Und nun, mein Herz, komme ich zu Dir. Ich habe Dich nirgends aufgezählt, weil Du, mein Herz, an einer ganz anderen Stelle stehst als alle die anderen. Du bist nämlich nicht ein Mittel Gottes, um mich zu dem zu machen, der ich bin, Du bist vielmehr ich selbst. Du bist mein 13. Kapitel des ersten Korintherbriefes. Ohne dieses Kapitel ist kein Mensch ein Mensch. Ohne Dich hätte ich mir Liebe schenken lassen, ich habe sie z. B. von Mami angenommen, dankbar, glücklich, dankbar wie man ist für die Sonne, die einen wärmt. Aber ohne Dich, mein Herz, hätte ich »der Liebe nicht«. Ich sage gar nicht, dass ich Dich liebe; das ist gar nicht richtig. Du bist vielmehr jener Teil von mir, der mir alleine eben fehlen würde. Es ist gut, dass mir das fehlt; denn hätte ich das, so wie Du es hast, diese größte aller Gaben, so hätte ich dem Leiden, das ich ja sehen musste, nicht so zuschauen können und vieles andere. Nur wir zusammen sind ein Mensch. Wir sind, was ich vor einigen Tagen symbolisch schrieb, ein Schöpfungsgedanke. Das ist wahr, buchstäblich wahr. Darum, mein Herz, bin ich auch gewiss, dass Du mich auf dieser Erde nicht verlieren wirst, keinen Augenblick. Und diese Tatsache, die haben wir schließlich auch noch durch unser gemeinsames Abendmahl, das nun mein letztes war, symbolisieren dürfen.

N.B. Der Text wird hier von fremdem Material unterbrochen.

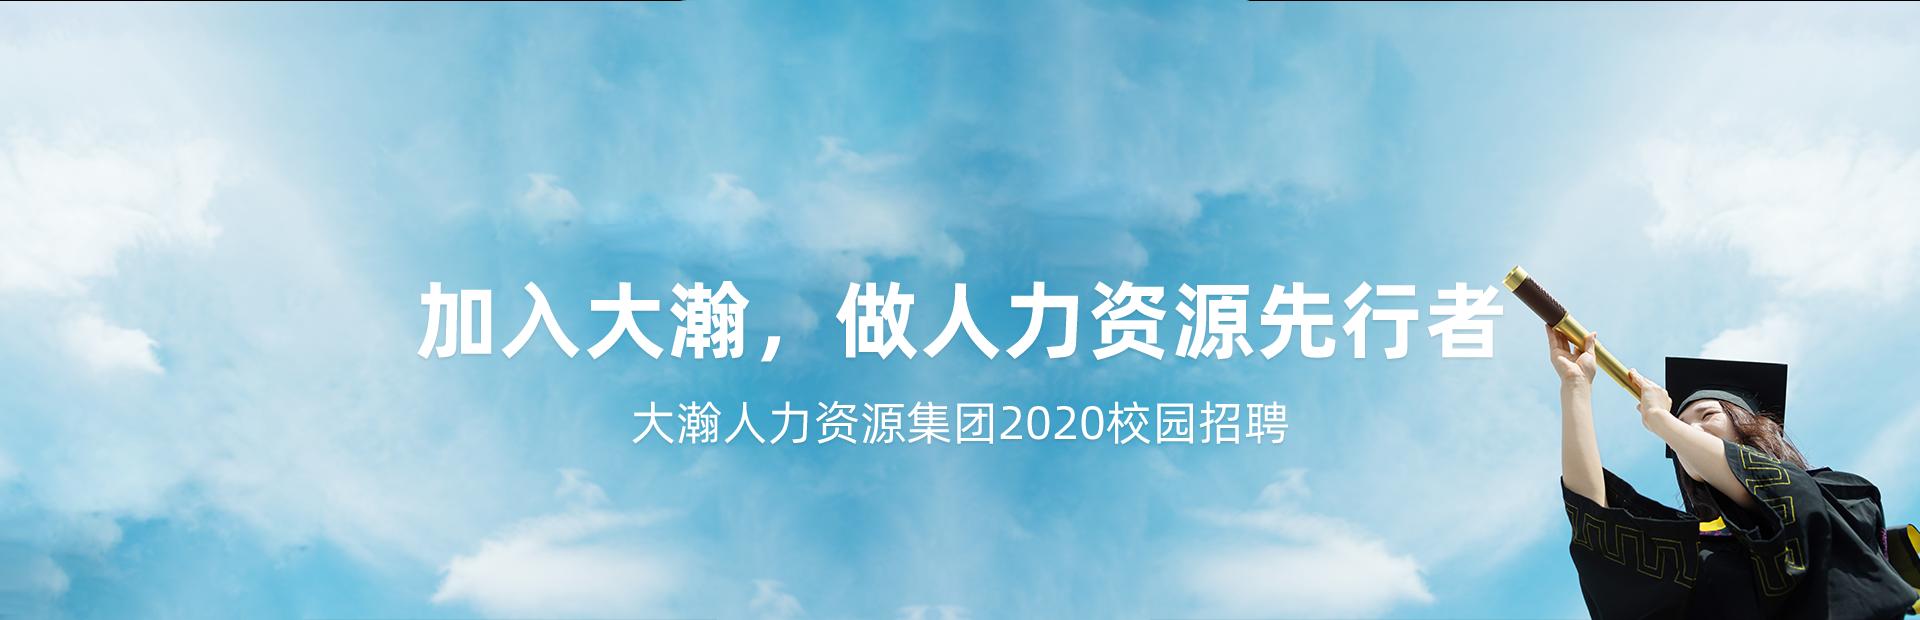 大瀚校招2020

Ich habe ein wenig geweint, eben, nicht traurig, nicht wehmütig, nicht weil ich zurück möchte, nein, sondern vor Dankbarkeit und Erschütterung über diese Dokumentation Gottes. Uns ist es nicht gegeben, ihn von Angesicht zu Angesicht zu sehen, aber wir müssen sehr erschüttert sein, wenn wir plötzlich erkennen, dass er ein ganzes Leben hindurch am Tage als Wolke und bei Nacht als Feuersäule vor uns hergezogen ist, und dass er uns erlaubt, das plötzlich in einem Augenblick zu sehen. Nun kann nichts mehr geschehen…
Mein Herz, mein Leben ist vollendet, und ich kann von mir sagen: er starb alt und lebenssatt. Das ändert nichts daran, dass ich gerne noch etwas leben möchte, dass ich Dich gerne noch ein Stück auf dieser Erde begleitete. Aber dann bedürfte es noch eines neuen Auftrages Gottes. Der Auftrag, für den Gott mich gemacht hat, ist erfüllt. Will er mir noch einen neuen Auftrag geben, so werden wir es erfahren. Darum strenge Dich ruhig an, mein Leben zu retten, falls ich den heutigen Tag überleben sollte. Vielleicht gibt es noch einen Auftrag.
Ich höre auf, denn es ist nichts weiter zu sagen. Ich habe auch niemanden genannt, den Du grüßen und umarmen sollst. Du weißt selbst, wem meine Aufträge für Dich gelten. Alle unsere lieben Sprüche sind in meinem Herzen und in Deinem Herzen. Ich aber sage Dir zum Schluss, kraft des Schatzes, der aus mir gesprochen hat und der dieses bescheidene irdene Gefäß erfüllt:
Die Gnade unseres Herrn Jesu Christi und die Liebe Gottes und die Gemeinschaft des Heiligen Geistes sei mit Euch allen. Amen.
Quelle: Helmut Gollwitzer/Käthe Kuhn/Reinhold Schneider (Hrsg.), Du hast mich heimgesucht bei Nacht: Abschiedsbriefe und Aufzeichnungen des Widerstandes 1933 – 1945. Chr. Kaiser Verlag, 3. erw. A., München 1955, Seiten 216-224.